**What you are asked to do:**
Exact copies of the lines below, from the one with "WIND AND SEA(ウィンドアンドシー)" up to and including the one with "M31-A3, Vol. 28, No", are what this calls for; leave out pictures.

**Supplied data:**
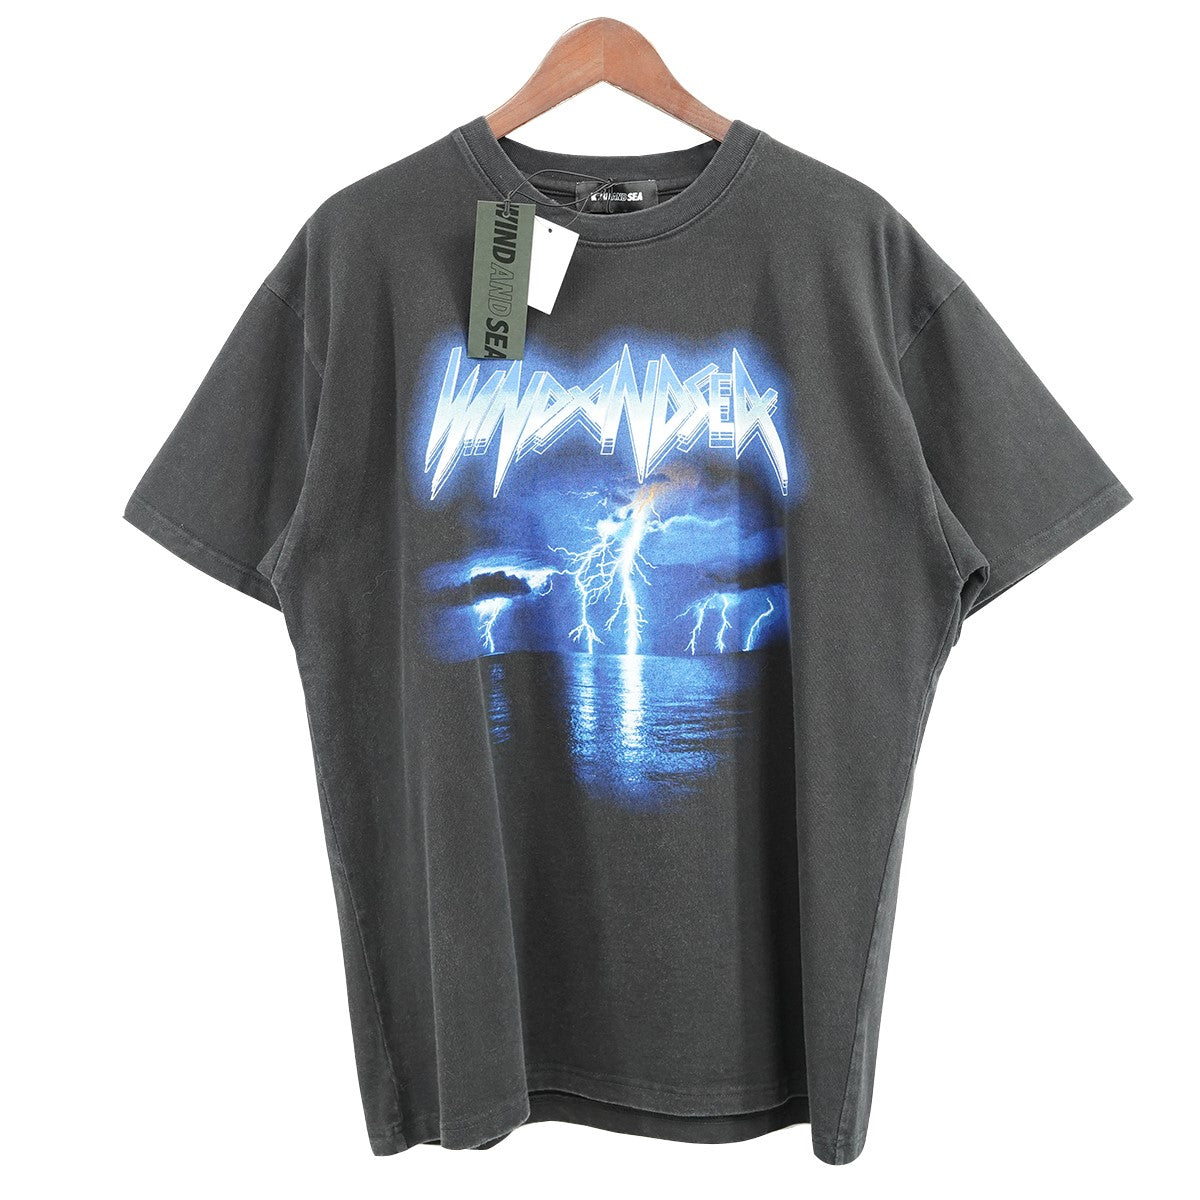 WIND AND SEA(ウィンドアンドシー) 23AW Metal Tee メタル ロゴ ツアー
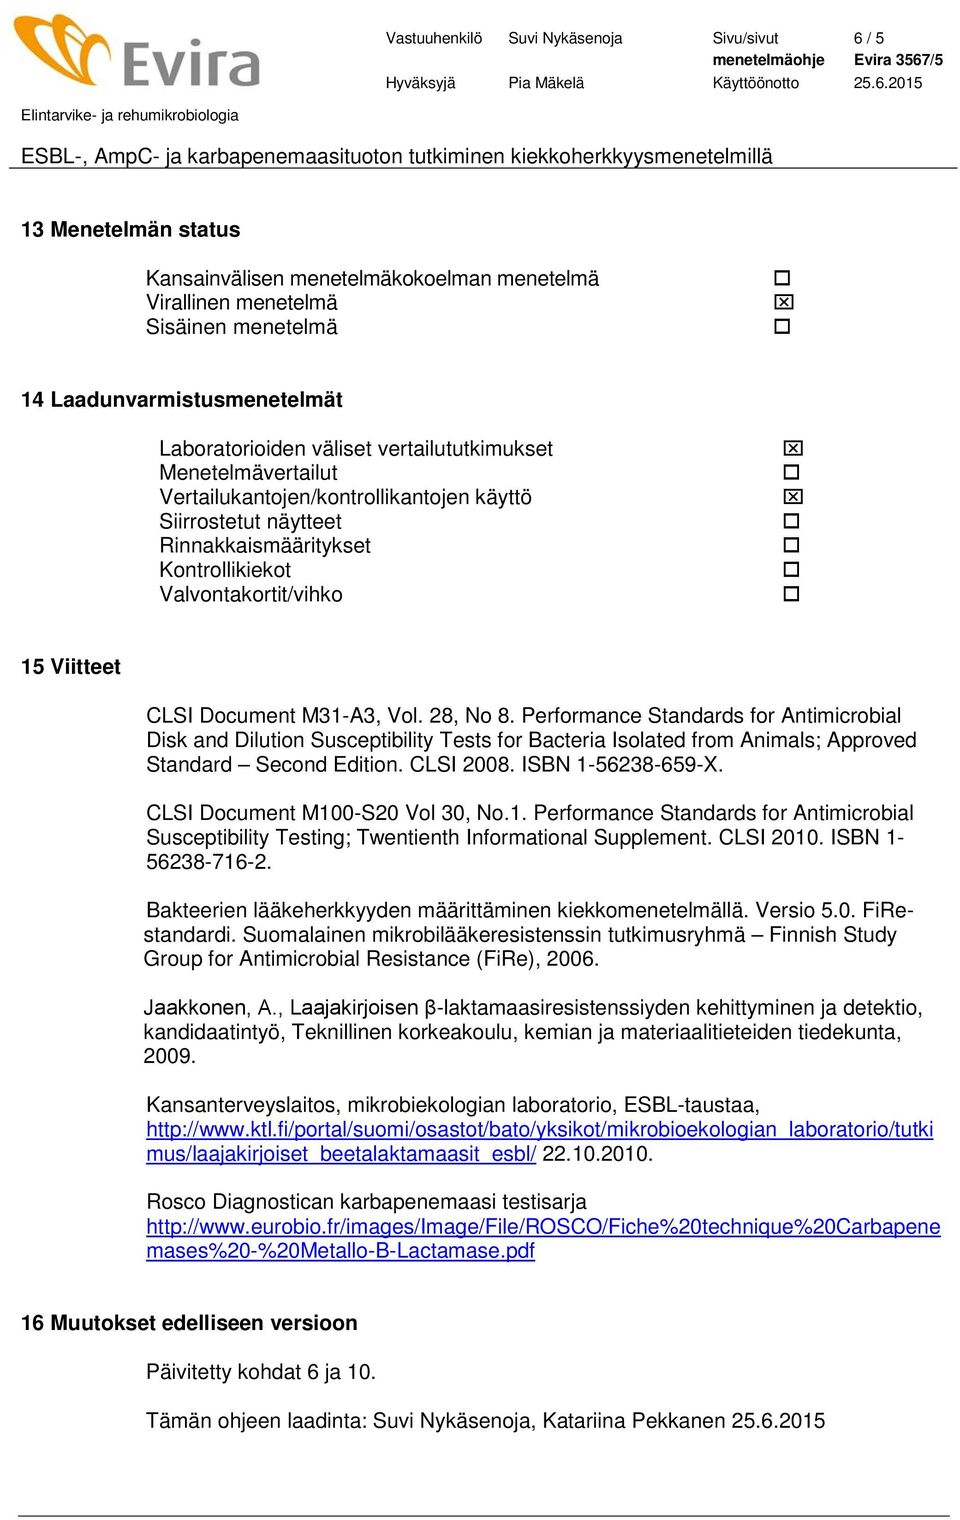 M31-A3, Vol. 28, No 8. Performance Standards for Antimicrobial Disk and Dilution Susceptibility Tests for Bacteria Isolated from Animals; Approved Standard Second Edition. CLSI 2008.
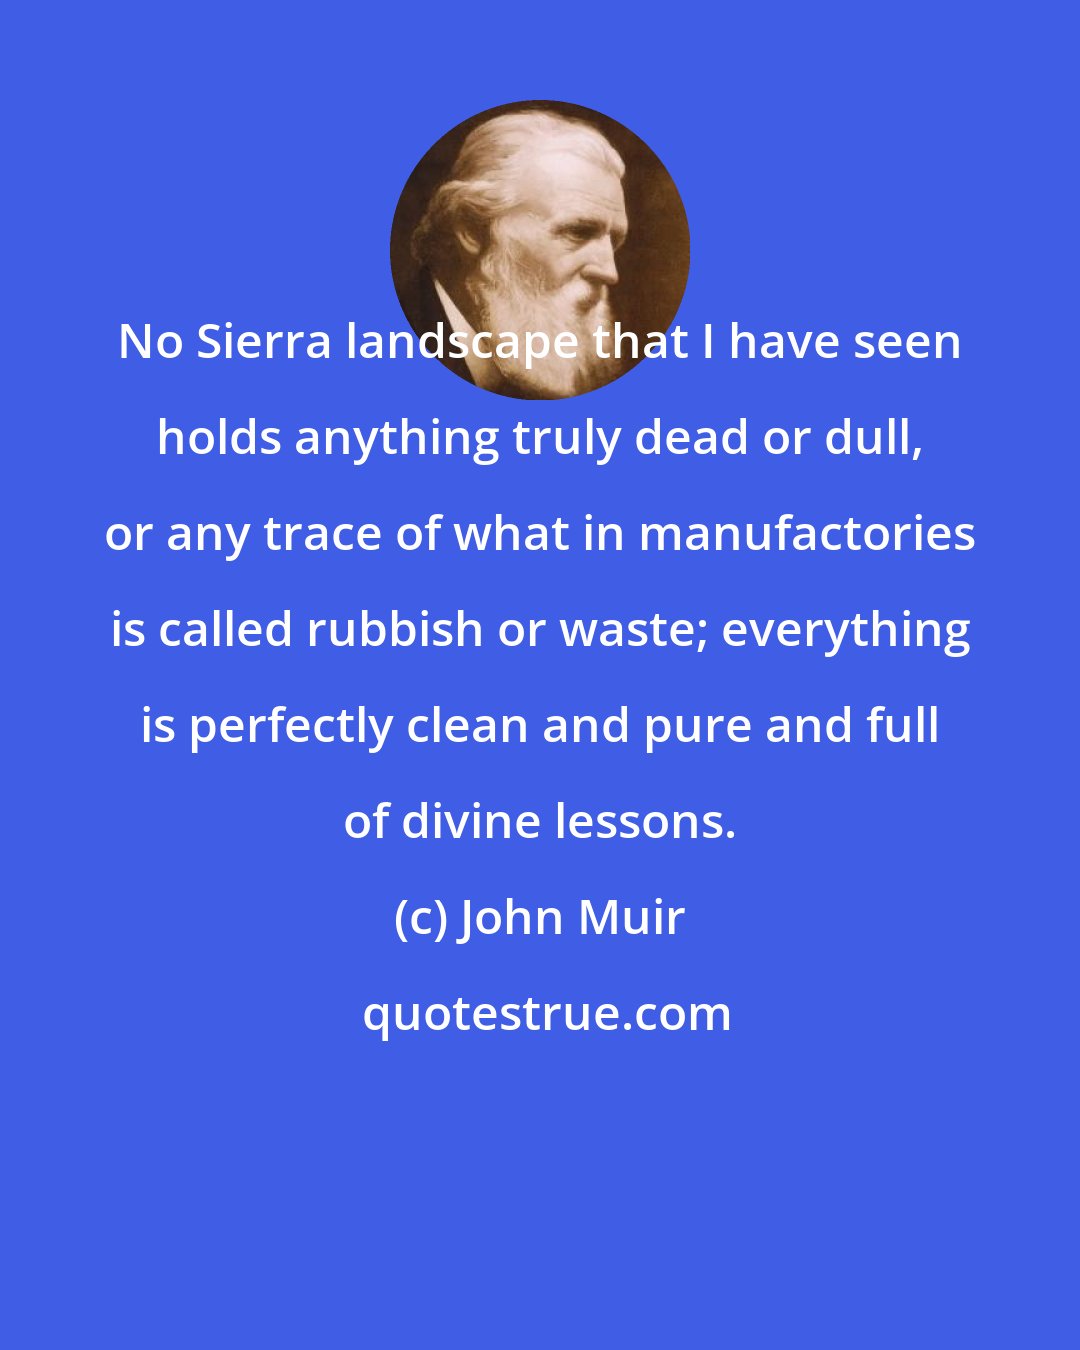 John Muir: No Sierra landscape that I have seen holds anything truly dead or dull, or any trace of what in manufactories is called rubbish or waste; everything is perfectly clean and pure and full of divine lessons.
---
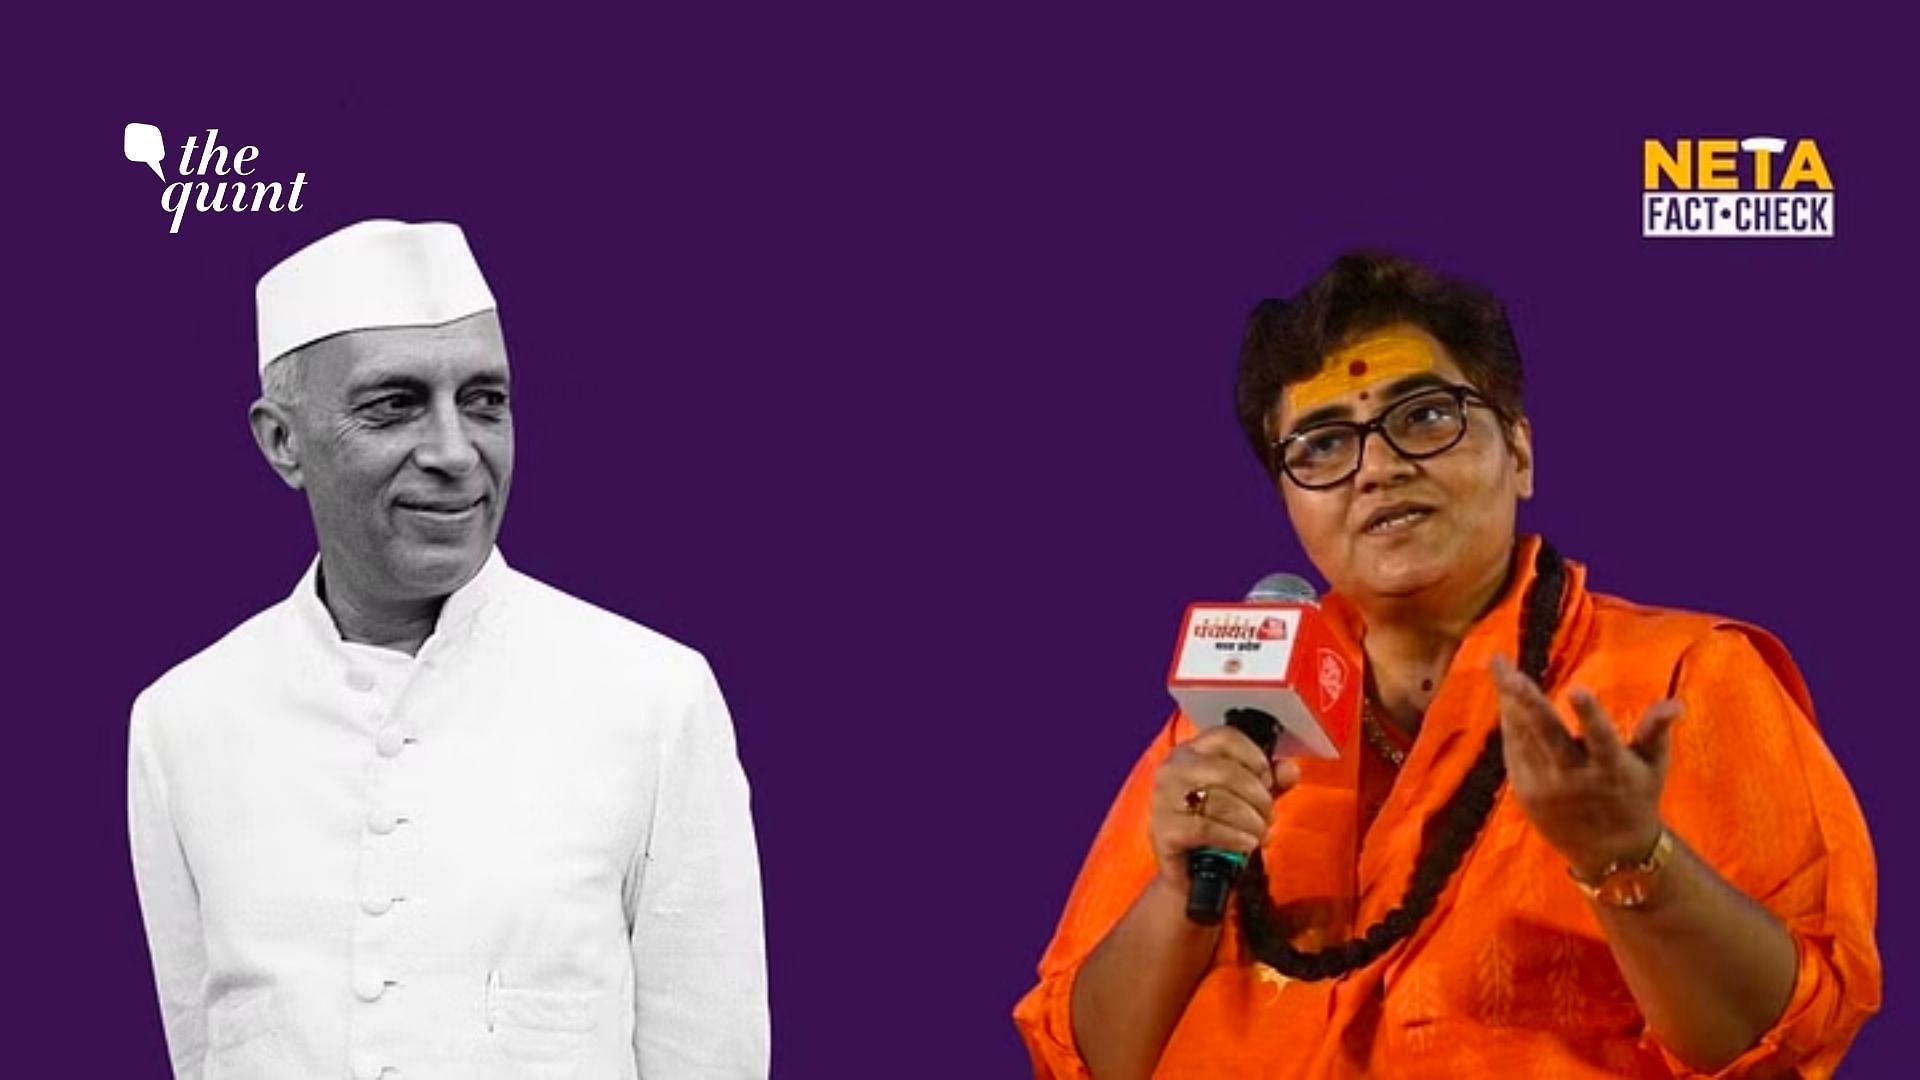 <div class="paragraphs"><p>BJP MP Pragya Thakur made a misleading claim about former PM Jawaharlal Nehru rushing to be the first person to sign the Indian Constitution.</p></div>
--
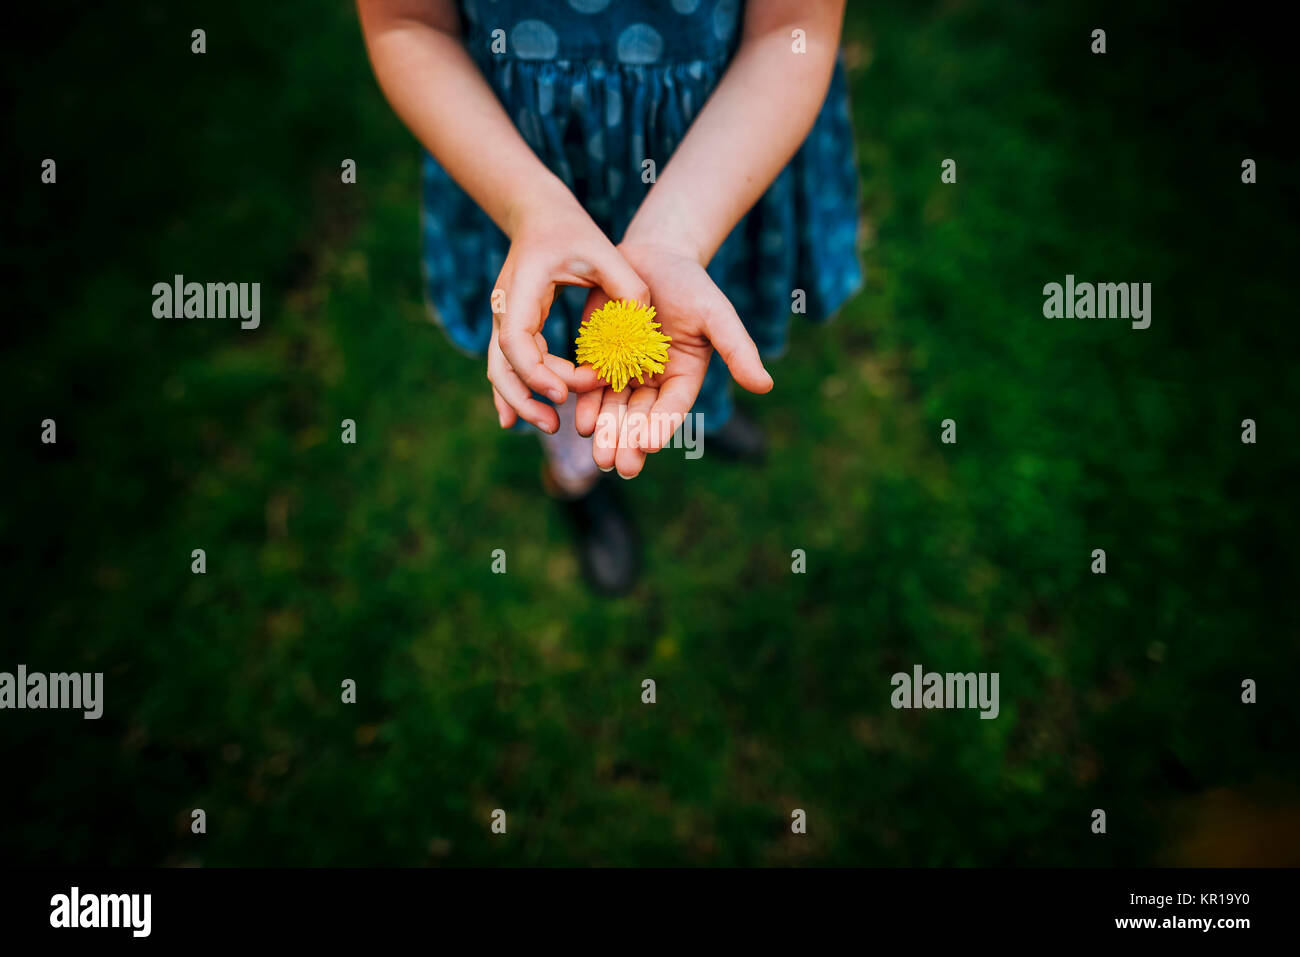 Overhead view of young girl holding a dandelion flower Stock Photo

**Exercise result:**
 WIND AND SEA(ウィンドアンドシー) 23AW Metal Tee メタル ロゴ ツアー
 M31-A3, Vol. 28, No 8. Performance Standards for Antimicrobial Disk and Dilution Susceptibility Tests for Bacteria Isolated from Animals; Approved Standard Second Edition. CLSI 2008.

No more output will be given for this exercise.